- Genre: Animation Surreal comedy Slice-of-life
- Created by: Adam Yaniv
- Based on: A short film by Nickelodeon Animated Shorts Program
- Written by: Sara Peters
- Directed by: Mike West Adam Yaniv
- Starring: Tricia Black Adam Yaniv
- Opening theme: "Summer Memories" Theme
- Composers: Paul Fraser Adam Yaniv Ido Kashi
- Countries of origin: Canada Israel
- Original language: English
- No. of episodes: 20 (40 Segments)

Production
- Running time: 3 minutes (pilot) 11 minutes (full series)
- Production companies: A&N Productions Ltd. Aircraft Pictures Yeti Farm The Hive Studio WildBrain Studios

Original release
- Network: Nickelodeon (pilot) Family Channel (Canada) Roku Channel (United States)
- Release: August 12, 2022 – February 24, 2023

= Summer Memories =

Canadian animated television series

Summer Memories is an animated television series created by Adam Yaniv which airs on The Roku Channel In the United States and Cartoon Network in Latin America.

The series was produced by Yaniv's A&N Productions Ltd. in partnership with Aircraft Pictures and Yeti Farm Creative, and premiered on Family Channel in Canada in 2022, followed by ABC in Australia, Amazon Prime in Germany, Showmax in Africa, Roku in the US, and Cartoon Network/HBO in Latin America.

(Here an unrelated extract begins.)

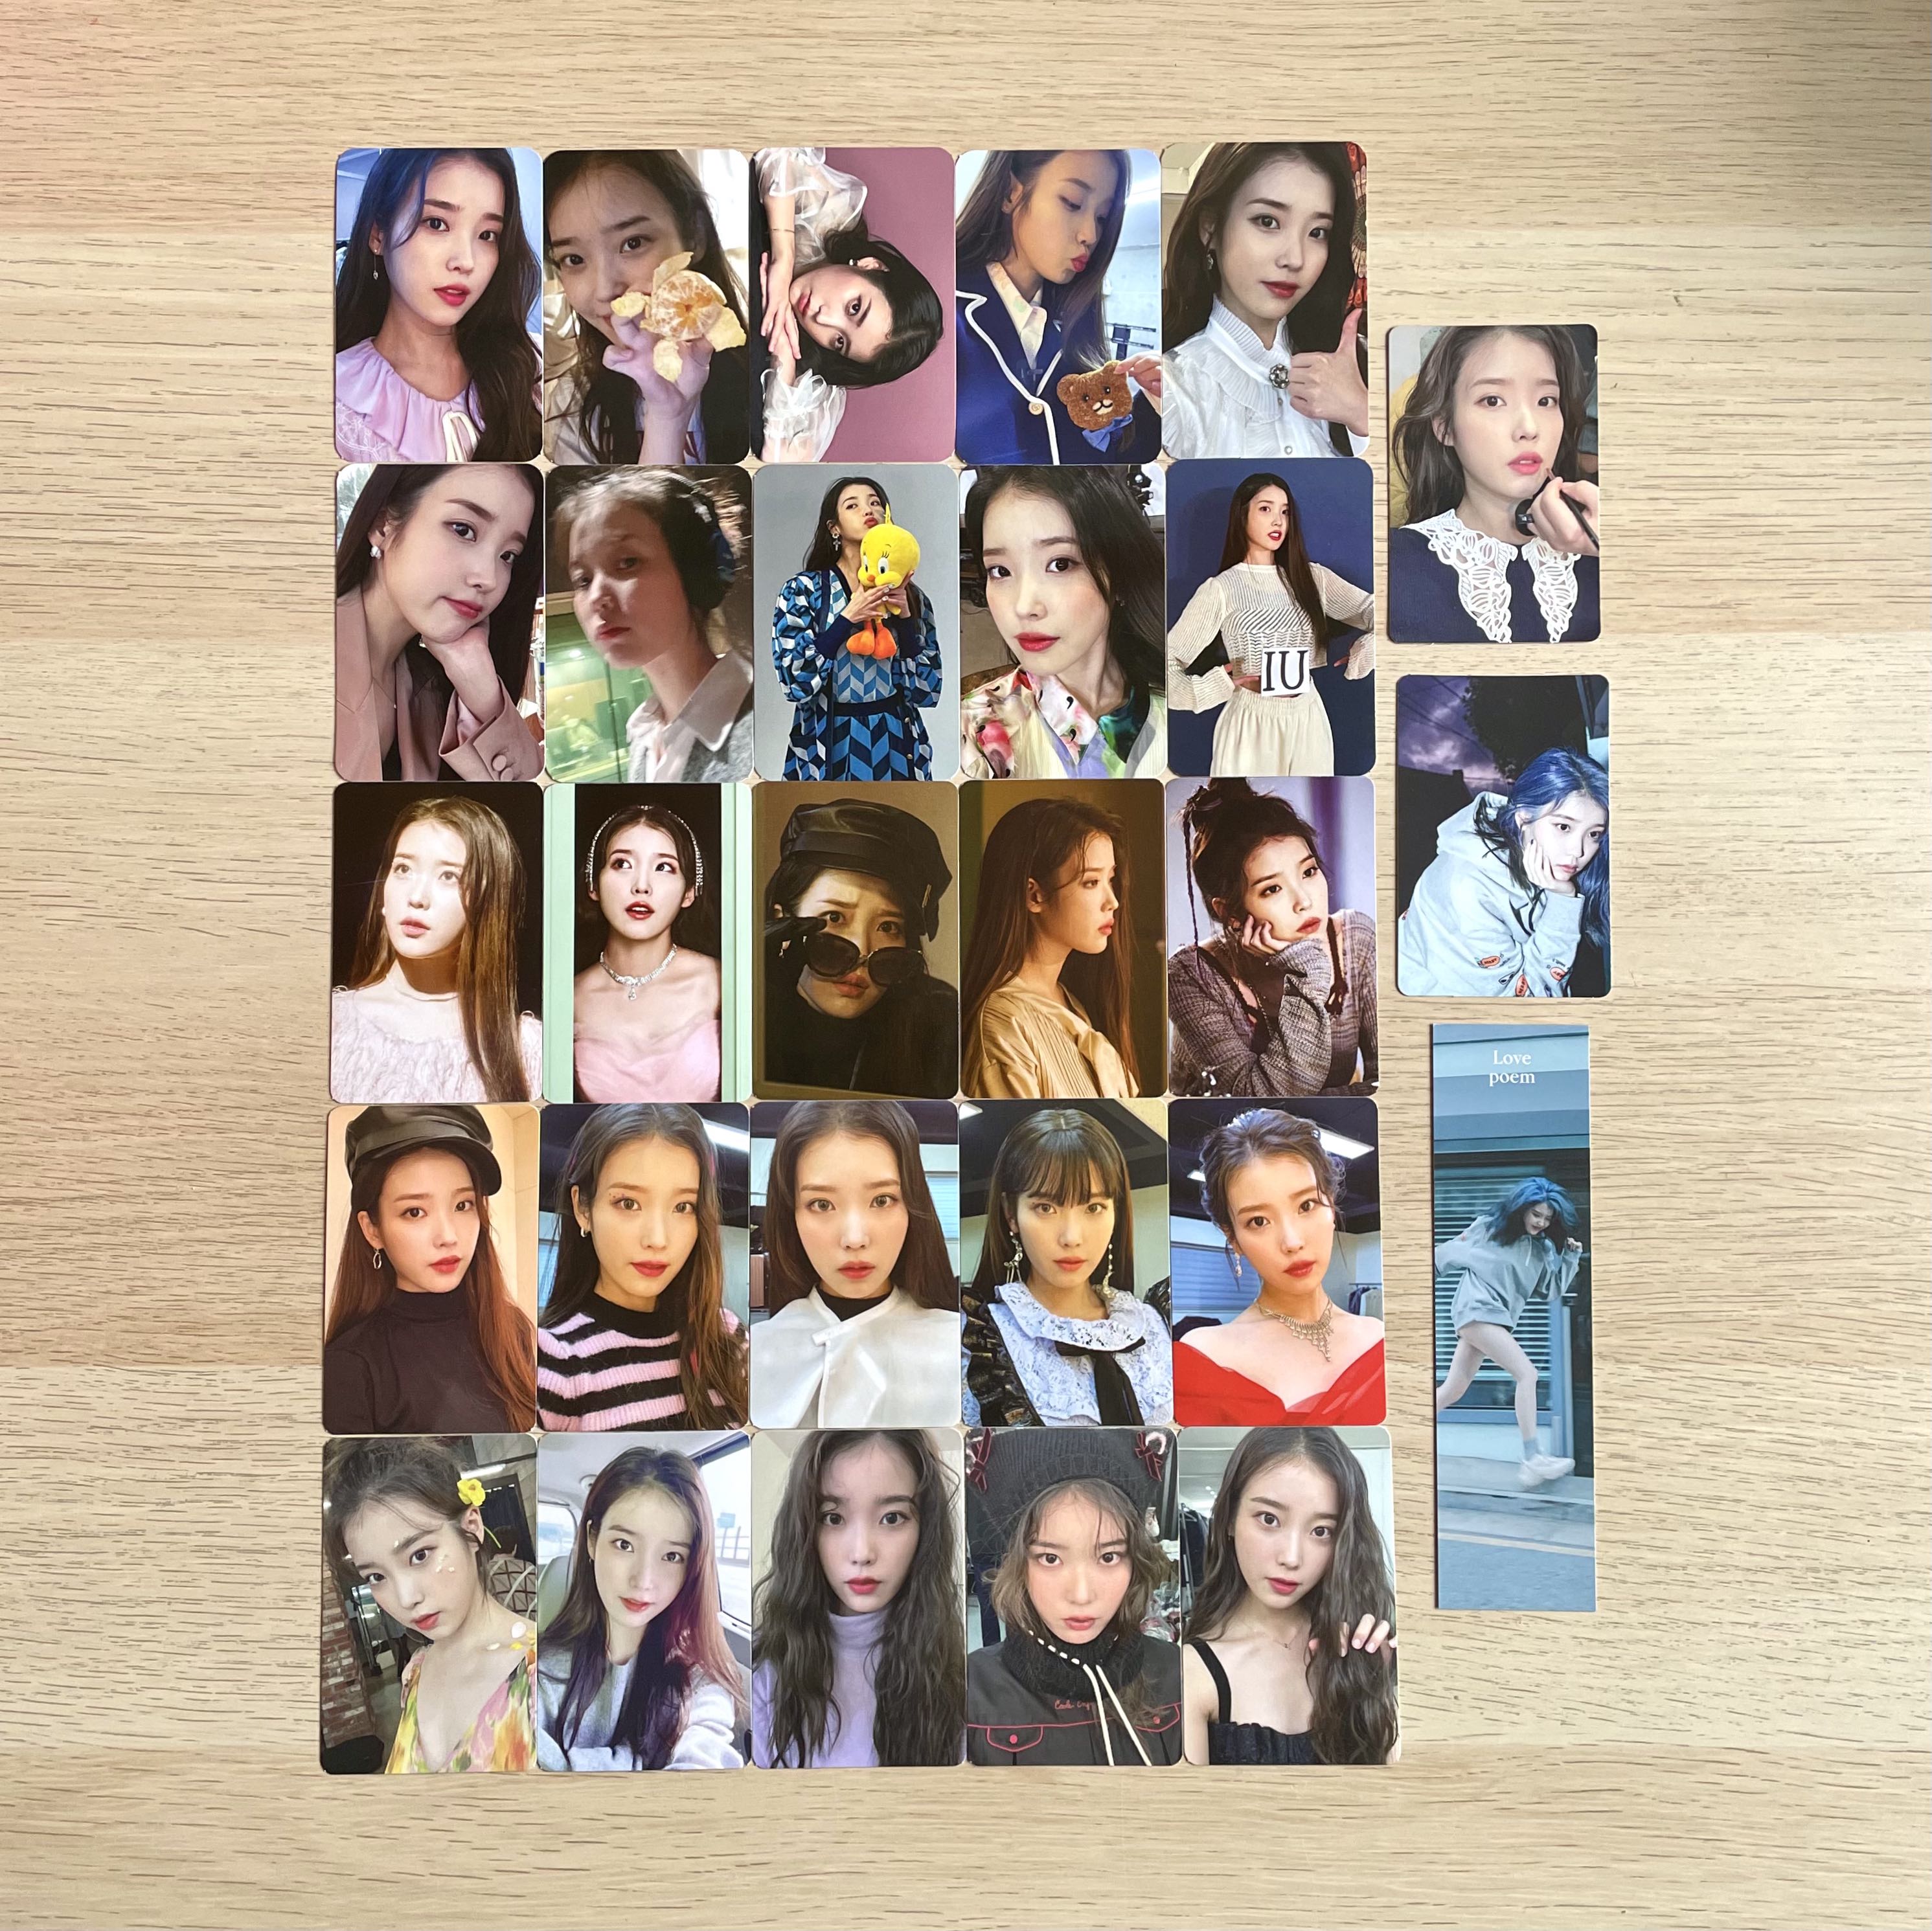 Fan Cards for Celebrities: The Ultimate Guide to Collecting, Displaying, and Showing Your Support

Created by Adam Yaniv, the series stars Tricia Black as the voice of Jason, a young boy who is romanticizing the memories he made with his best friend Ronnie (Yaniv) over what he sees as the most important summer of his life, which was just a few weeks ago. Yaniv based the show on his own childhood and best friend growing up in Raanana, Israel, and has said that the show draws on Israel both visually and verbally to achieve its unique color palette and joke style.

The series is marked by its writers and cast members from Prime-Time Canadian comedy hits such as Schitt's Creek, Kids in the Hall, Run the Burbs, This Hour Has 22 Minutes, TallBoyz and more.

== Synopsis ==
The series follows the time-and-space-bending adventures of best friends Jason and Ronnie as Jason looks back on the most pivotal summer of his life (which was just a few weeks ago).

== Cast==
The show's voice cast also includes Jason Priestley, Dani Kind, Andrew Phung, Taylor Love, Rashaana Cumberbatch, Andre Sills, Steffi DiDomenicantonio, Rakhee Morzaria, Jonathan Langdon, Tyler Murree, and Cassie Cao.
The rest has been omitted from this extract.